PCA-based approach for subtracting thermal background emission in high-contrast imaging data

¹ ETH Zurich, Institute for Astronomy, Wolfgang-Pauli-Strasse 27, 8093 Zurich, Switzerland
e-mail: silvan.hunziker@phys.ethz.ch
² Department of Astronomy, University of Michigan, 1085 S. University, Ann Arbor, MI 48109, USA

Received: 23 June 2017
Accepted: 27 November 2017

Abstract

Aims.Ground-based observations at thermal infrared wavelengths suffer from large background radiation due to the sky, telescope and warm surfaces in the instrument. This significantly limits the sensitivity of ground-based observations at wavelengths longer than ~3 μm. The main purpose of this work is to analyse this background emission in infrared high-contrast imaging data as illustrative of the problem, show how it can be modelled and subtracted and demonstrate that it can improve the detection of faint sources, such as exoplanets.

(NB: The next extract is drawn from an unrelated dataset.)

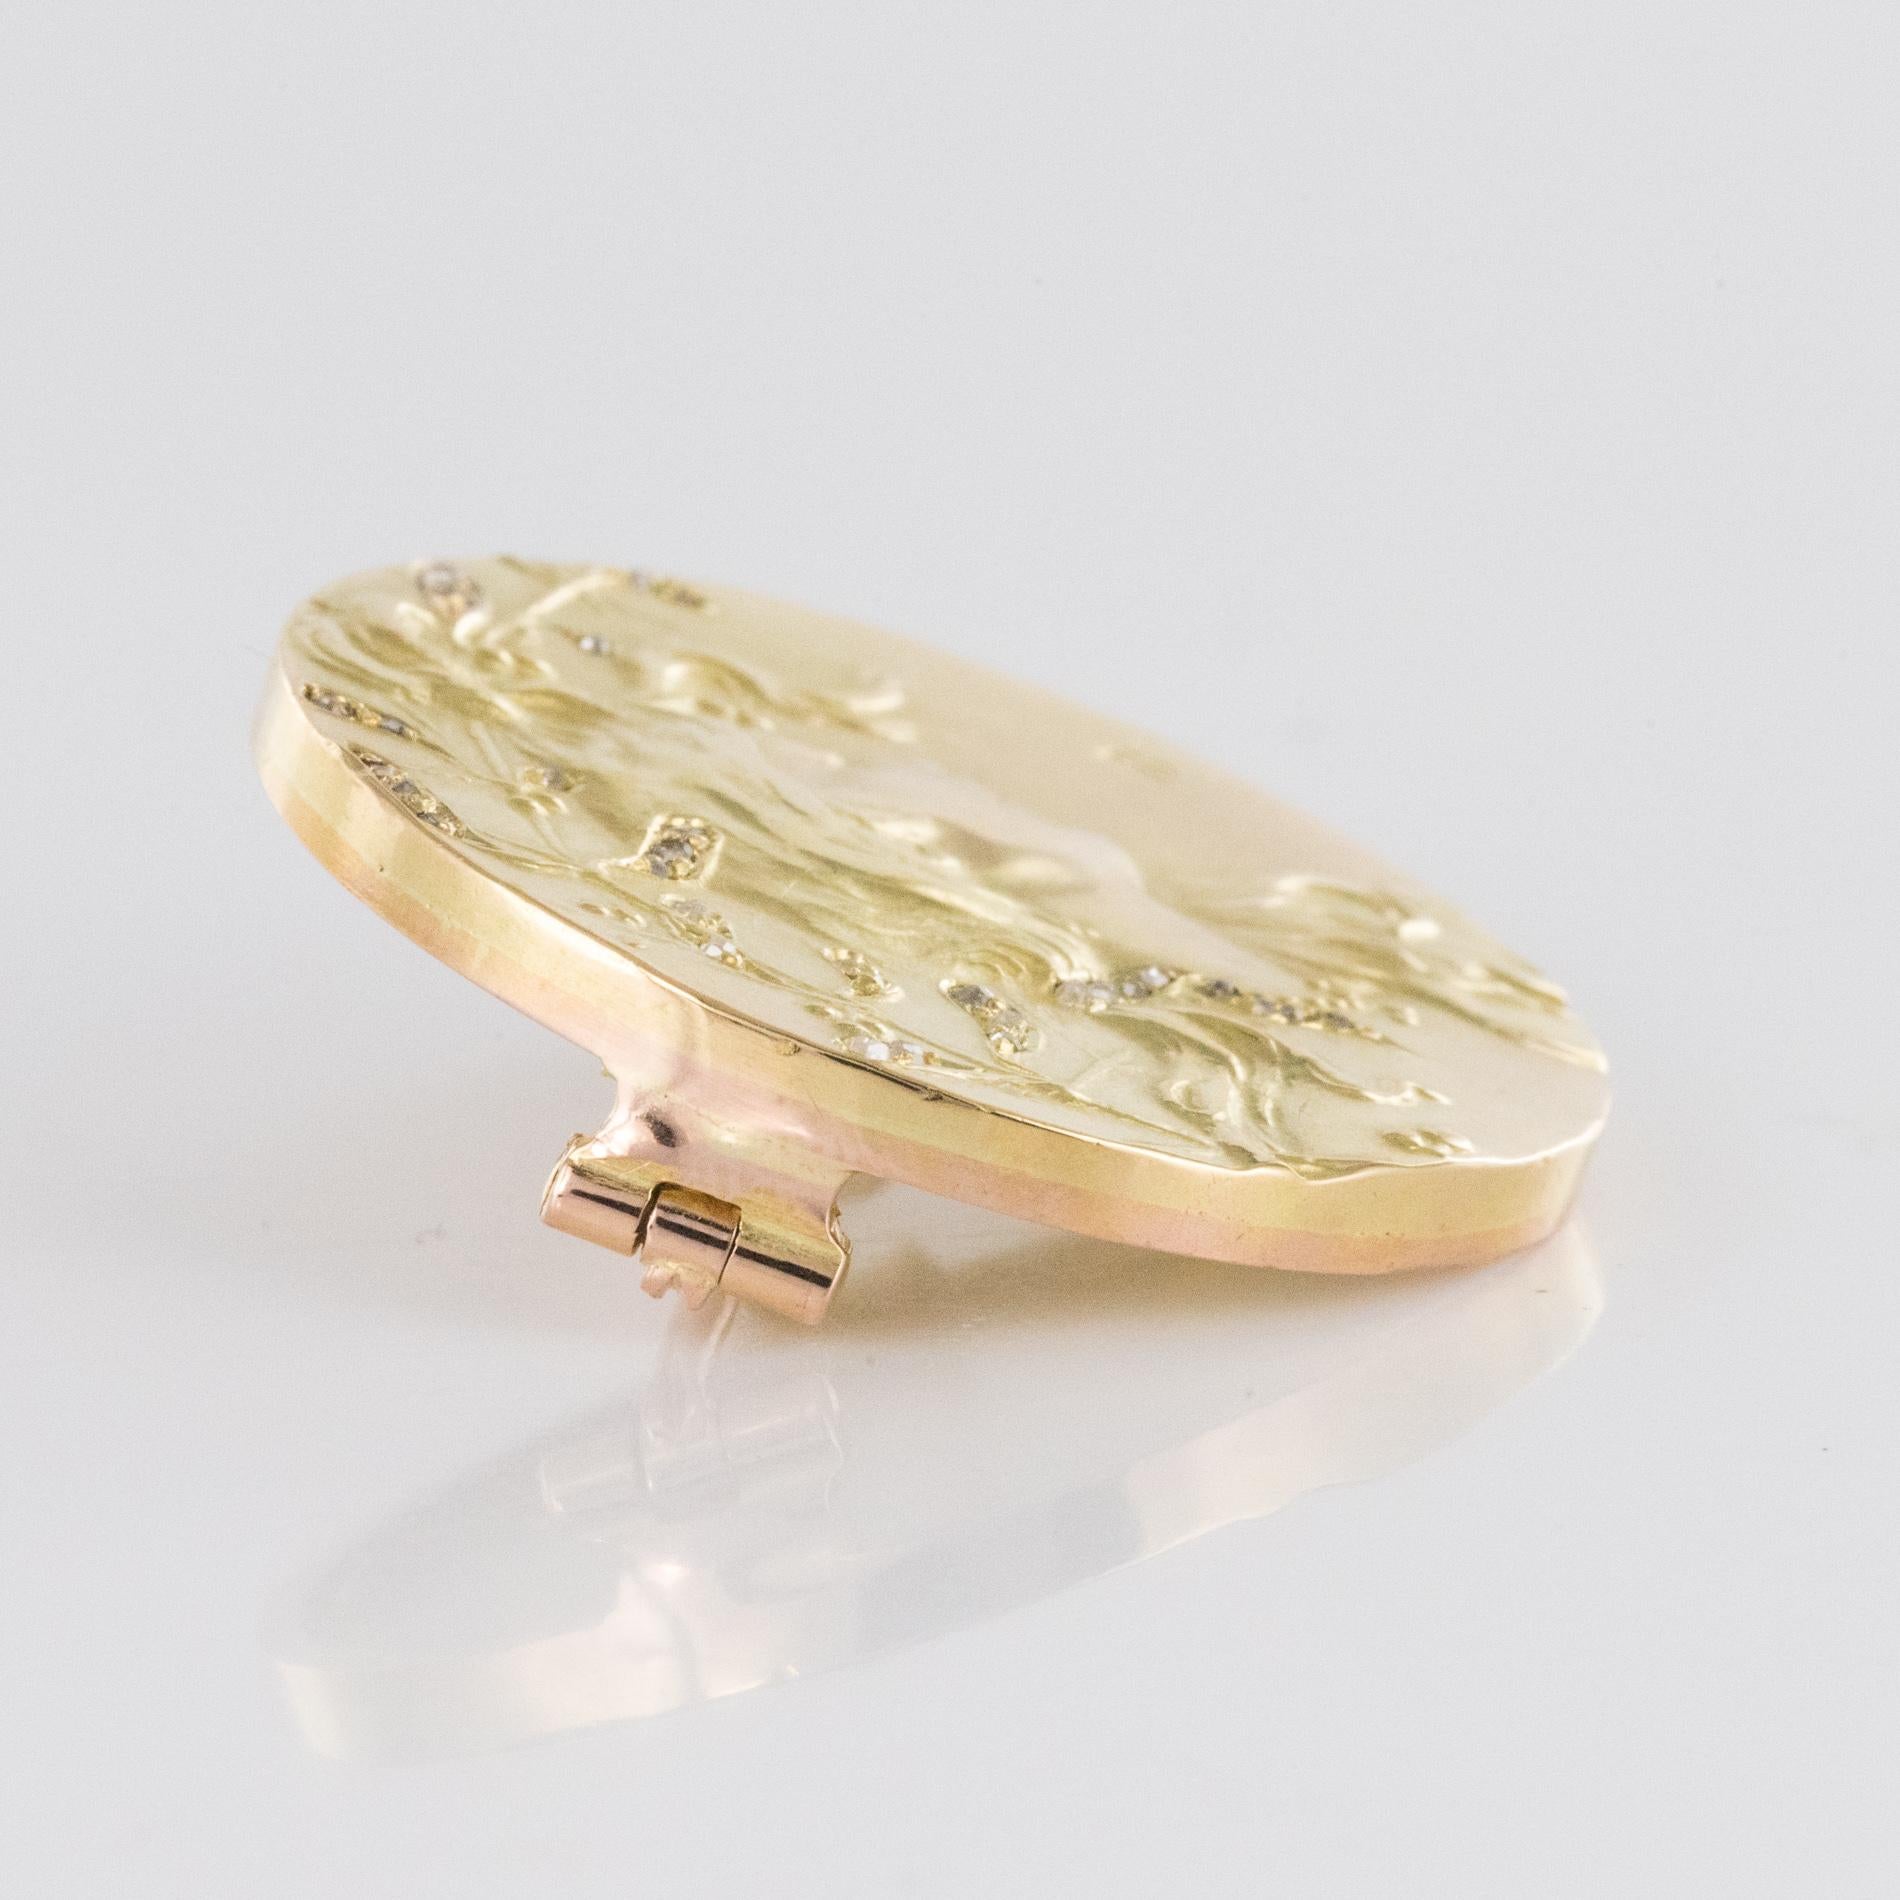 French Becker Art Nouveau Rose-Cut Diamond 18 Karat Yellow Gold Brooch For Sale 4
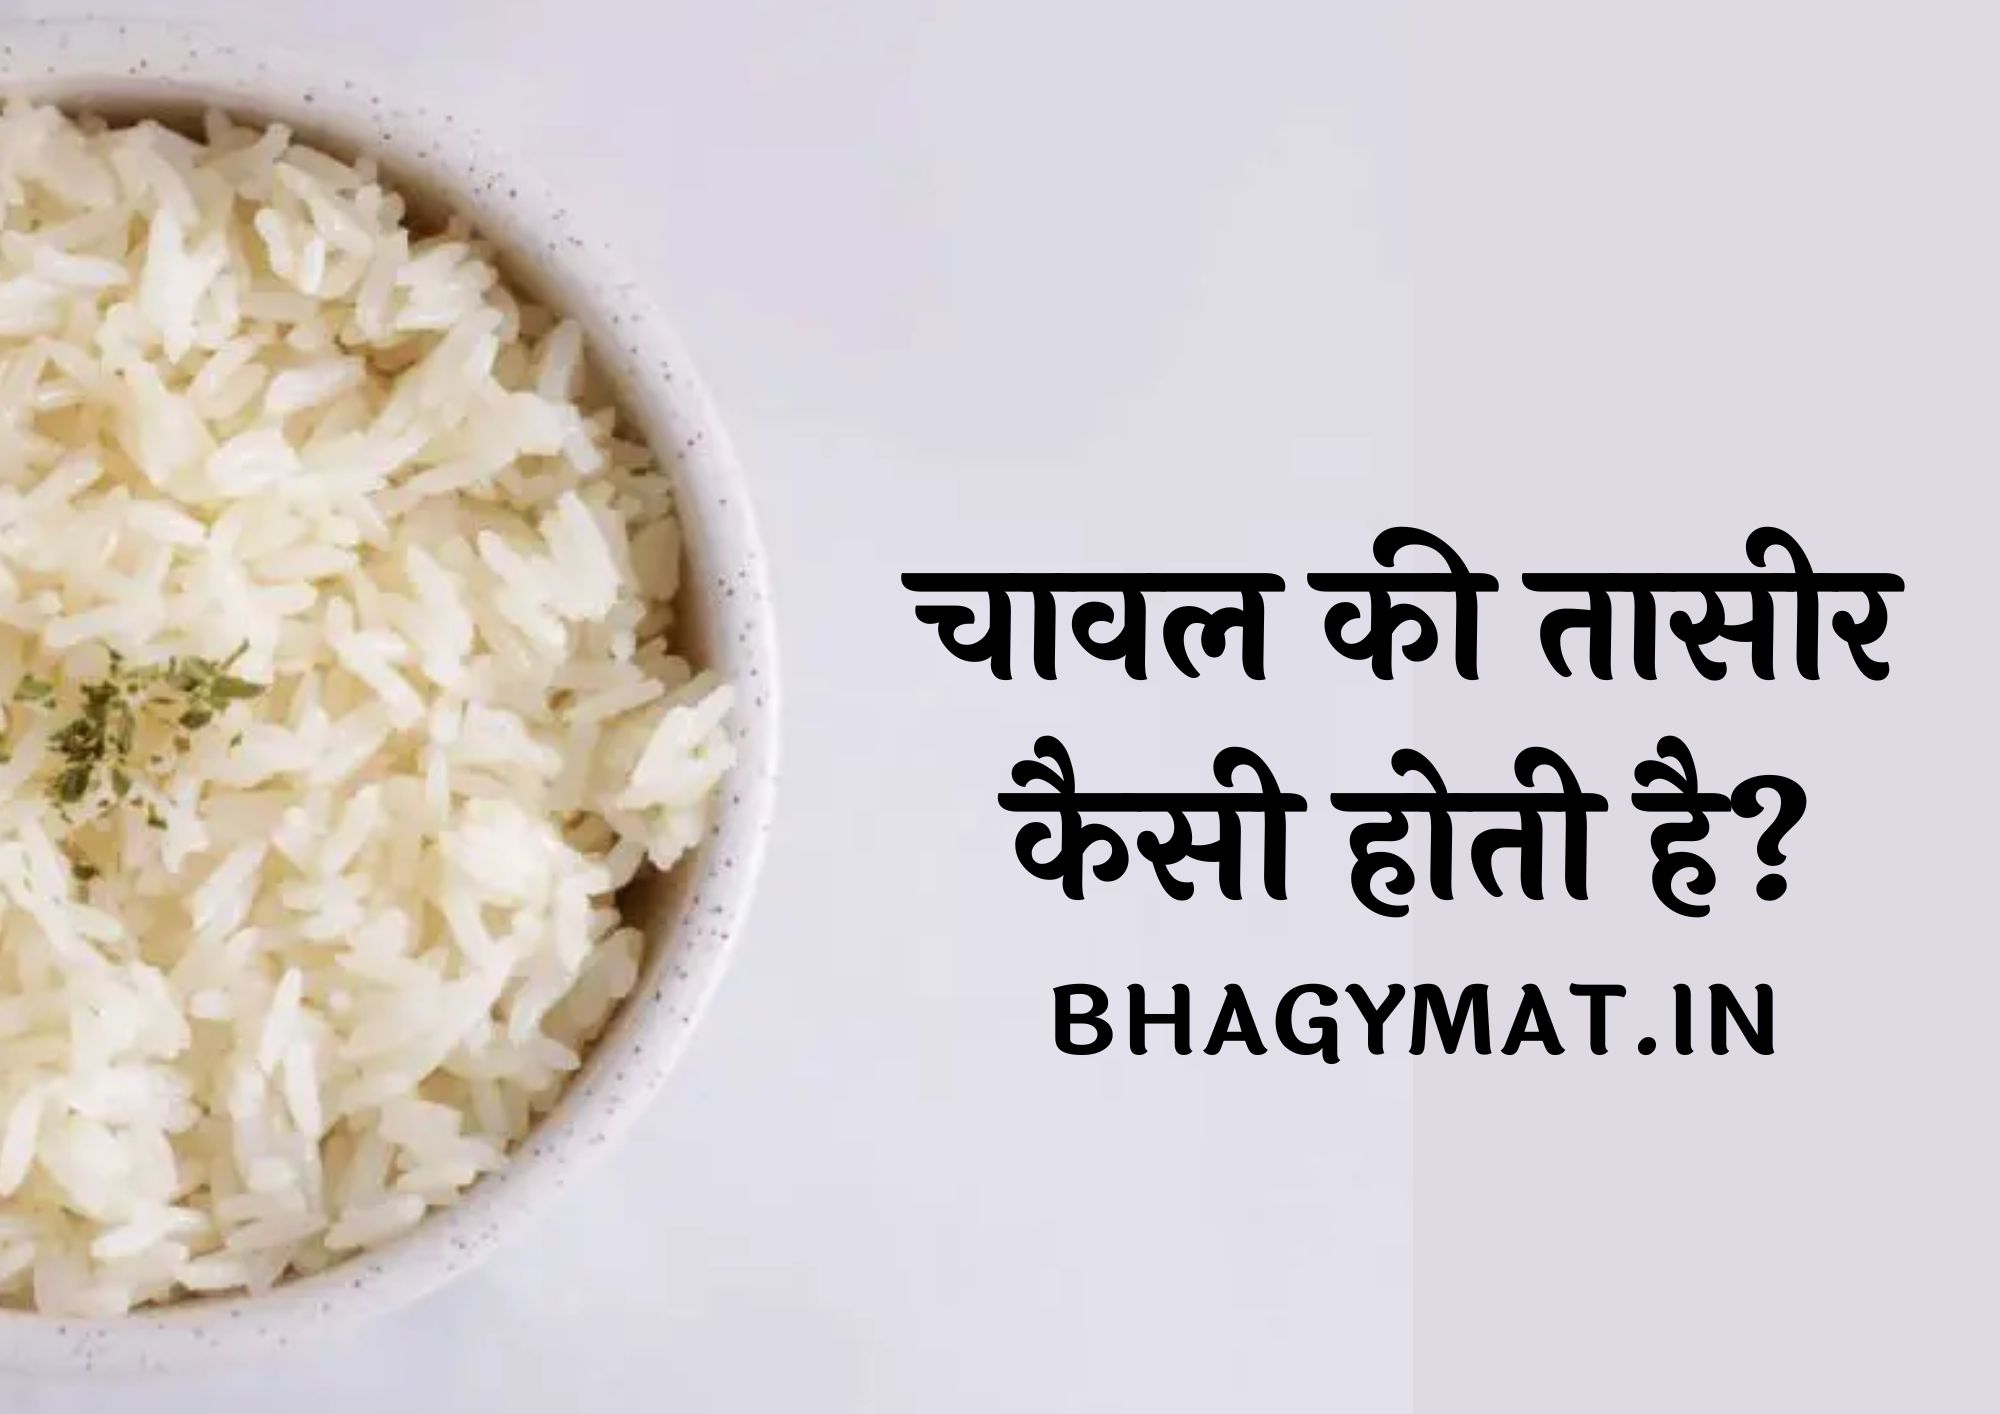 चावल की तासीर कैसी होती है (Chawal Ki Taseer Kaisi Hoti Hai)

Methods. We used principal component analysis (PCA) to model and subtract the thermal background emission in three archival high-contrast angular differential imaging datasets in the M^′ and L^′ filter. We used an M^′ dataset of β Pic to describe in detail how the algorithm works and explain how it can be applied. The results of the background subtraction are compared to the results from a conventional mean background subtraction scheme applied to the same dataset. Finally, both methods for background subtraction are compared by performing complete data reductions. We analysed the results from the M^′ dataset of HD 100546 only qualitatively. For the M^′ band dataset of β Pic and the L^′ band dataset of HD 169142, which was obtained with an angular groove phase mask vortex vector coronagraph, we also calculated and analysed the achieved signal-to-noise ratio (S/N).

Results. We show that applying PCA is an effective way to remove spatially and temporarily varying thermal background emission down to close to the background limit. The procedure also proves to be very successful at reconstructing the background that is hidden behind the point spread function. In the complete data reductions, we find at least qualitative improvements for HD 100546 and HD 169142, however, we fail to find a significant increase in S/N of β Pic b. We discuss these findings and argue that in particular datasets with strongly varying observing conditions or infrequently sampled sky background will benefit from the new approach.